- Born: Lucy Elizabeth Catherine Wooding
- Occupations: Historian and academic
- Title: Professor of History
- Children: 3

Academic background
- Alma mater: Magdalen College, Oxford
- Thesis: From humanists to heretics: English Catholic theology and ideology, c.1530–c.1570 (1994)
- Doctoral advisor: Susan Brigden

Academic work
- Discipline: History
- Sub-discipline: Early modern Britain; History of religions; Social history; English Reformation;
- Institutions: Queen's University Belfast King's College London Lincoln College, Oxford
- Doctoral students: Elizabeth Norton
- Notable works: Tudor England: A History

= Lucy Wooding =

Historian and academic

Lucy Elizabeth Catherine Wooding (also Kostyanovsky) is a British historian of Tudor England. She is Professor of History at the University of Oxford and Langford Fellow and Tutor in History at Lincoln College.

==Academic career==
Wooding completed her undergraduate and doctoral degrees at Magdalen College, Oxford, where her doctoral supervisor was Susan Brigden. After completing her DPhil in 1994 she became a lecturer at Queen's University Belfast, before moving to King's College London in 1995. She became Reader in History at King's in 2015 before she joined Lincoln College in October 2016, succeeding her former supervisor Brigden as the college's tutor in early modern history. She was awarded the Title of Distinction of Professor of History by the University of Oxford in October 2024.

Wooding has served as Fellow Archivist and Welfare Dean for Lincoln College since 2021 and as Director of Undergraduate Studies for the Faculty of History from 2022 to 2025.

She is an elected Fellow of the Royal Historical Society (FRHistS).

===Research===
Wooding's doctoral research focused on Catholic theology during the English Reformation, and she published her first monograph on this topic, Rethinking Catholicism in Reformation England, in 2000. Her second book, published in 2009, was a biography of Henry VIII. Reformation historian Peter Marshall called the book "the best general biography of Henry VIII in nearly half a century". Her third, Tudor England: A History, was published by Yale University Press in 2022.

Beyond her monographs, Wooding has contributed journal articles and book chapters on subjects such as Erasmus' Bible translations, John Jewel's Apology for the Church of England, and the printing of books during the Marian Restoration.

===Media work===
Wooding has appeared as a panelist on the BBC Radio 4 programme In Our Time twice: in November 2009, discussing the Münster rebellion with Diarmaid MacCulloch and Charlotte Methuen, and in February 2025 discussing Catherine of Aragon with Gonzalo Velasco Berenguer and Maria Hayward.

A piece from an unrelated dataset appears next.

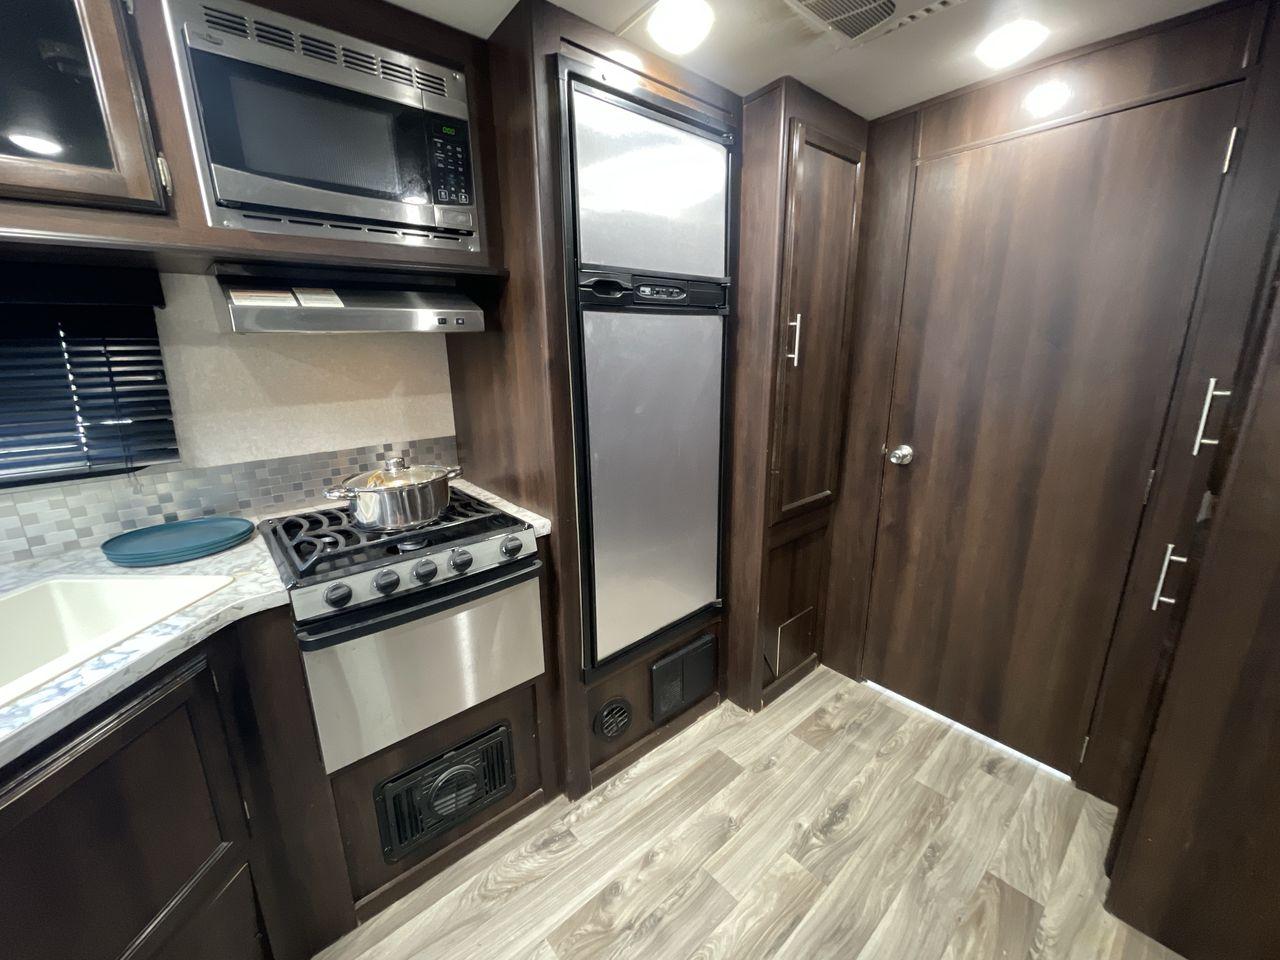 2018 WHITE JAYCO JAY FLIGHT 23MRB (1UJBJ0BN5J1) , Length: 28.17 ft | Dry Weight: 5,560 lbs. | Gross Weight: 7,250 lbs. | Slides: 1 transmission, located at 4319 N Main St, Cleburne, TX, 76033, (817) 678-5133, 32.385960, -97.391212 - The 2018 Jayco Jay Flight 23MRB is a travel trailer that encapsulates both compactness and luxury for unparalleled camping experiences. Spanning 28 feet in length, this model boasts a thoughtfully arranged interior featuring a single slide-out, seamlessly amplifying the living space. The Jay Flight - Photo #14

Also in 2009 Wooding appeared in an episode of the Radio 4 series The Hidden Henry discussing Henry VIII's role as a father with Susan Doran. She has appeared thrice on Suzannah Lipscomb's podcast Not Just the Tudors, discussing life in Tudor England in November 2022, the life of Henry VIII in November 2023 and his beliefs in March 2025.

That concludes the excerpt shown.